7. The method for verifying the value of live aquaculture animals under agricultural insurance according to claim 6, characterized in that, The process of generating a verification report containing information on the number and species of live aquatic organisms based on individual detection and species identification results includes: Based on the statistical results of the number of live aquatic organisms and the identified types of live aquatic organisms, the total number of live aquatic organisms in the aquaculture area and the number of each category are determined. Based on the preset report template, a verification report is generated that includes the total number of live aquatic organisms and the number of each category in the aquaculture area.

8. A device for verifying the ownership of live aquaculture products under agricultural insurance, characterized in that, Includes the following steps: The acquisition module is used to acquire a biomimetic underwater robot for live aquaculture organisms and deploy the biomimetic underwater robot in the aquaculture waters of the live aquaculture organisms. The fusion module is used to simultaneously collect visual and acoustic detection data of live aquatic animals using a biomimetic underwater robot, and then fuse the collected visual and acoustic detection data. The extraction module is used to acquire a pre-trained deep learning model, input the fused visual data and acoustic detection data into the pre-trained deep learning model for feature extraction, and perform individual detection and species identification on the aquaculture live organisms based on the extracted features. The generation module is used to generate a verification report containing information on the number and species of the live aquatic organisms based on the results of individual detection and species identification.

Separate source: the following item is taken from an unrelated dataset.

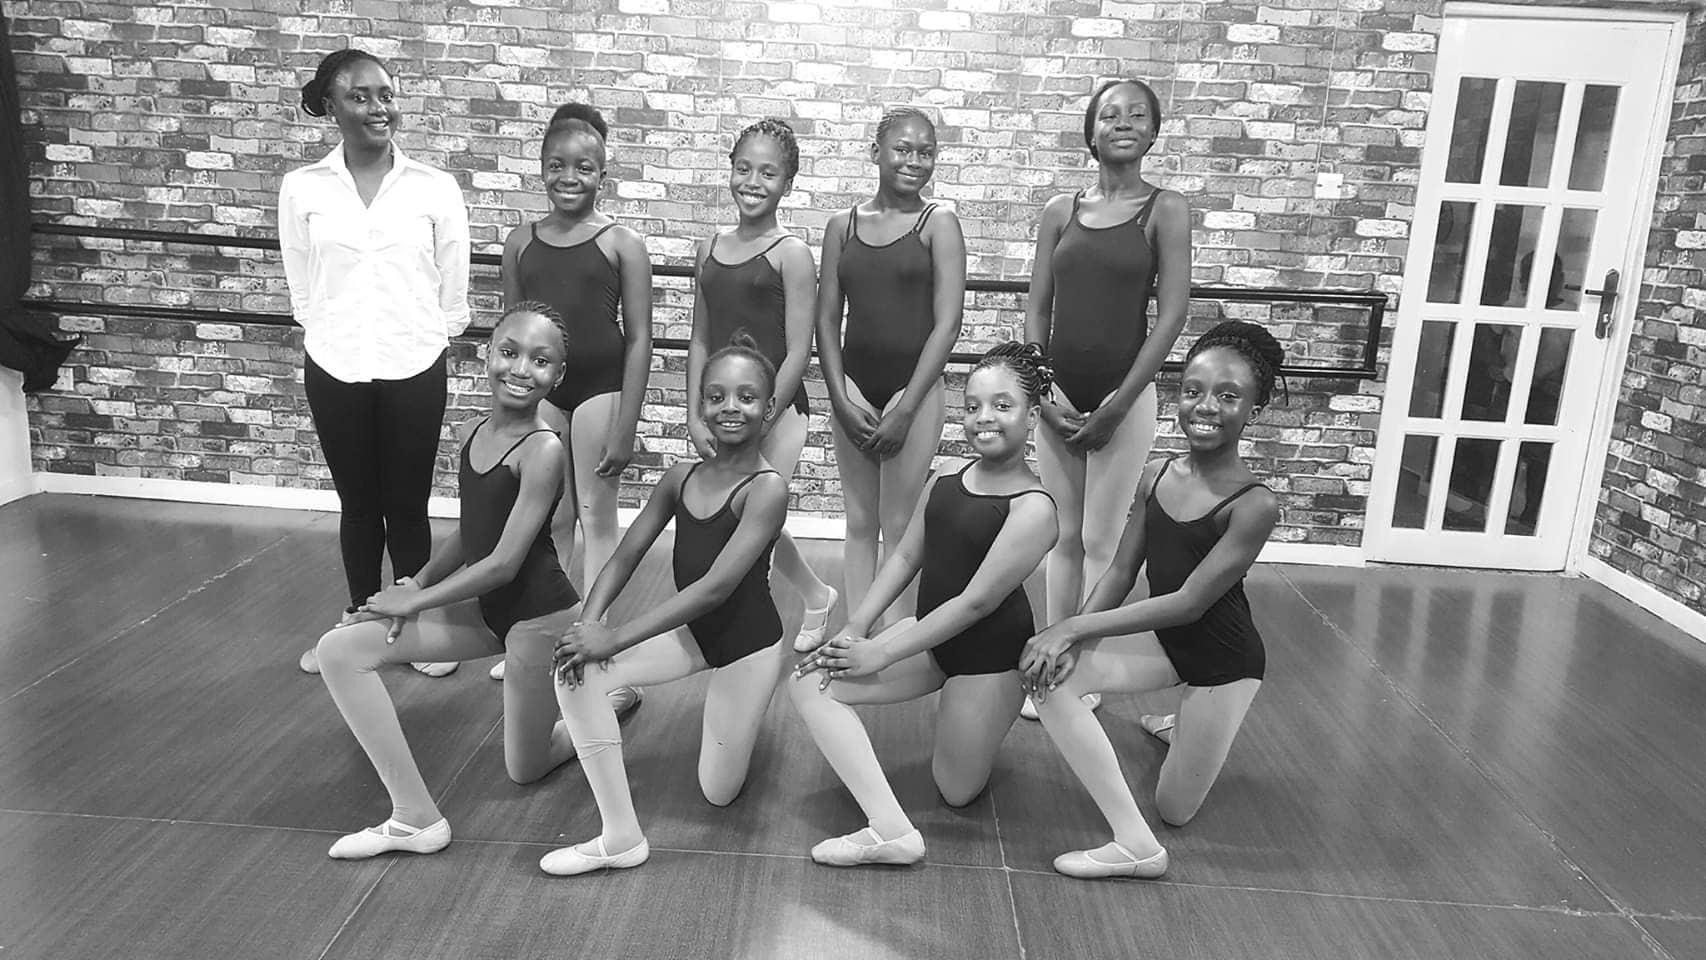 Esther Oladipupo with students in Nigeria. Photo courtesy of Kingdom Ballet Company

9. A computer device comprising a memory, a processor, and a computer program stored in the memory and executable on the processor, characterized in that, When the processor executes the computer program, it implements the steps of the method for verifying the target of agricultural insurance aquaculture live animals as described in any one of claims 1 to 7.

10. A computer-readable storage medium storing a computer program, characterized in that, When the computer program is executed by the processor, it implements the steps of the method for verifying the target of agricultural insurance aquaculture live animals as described in any one of claims 1 to 7.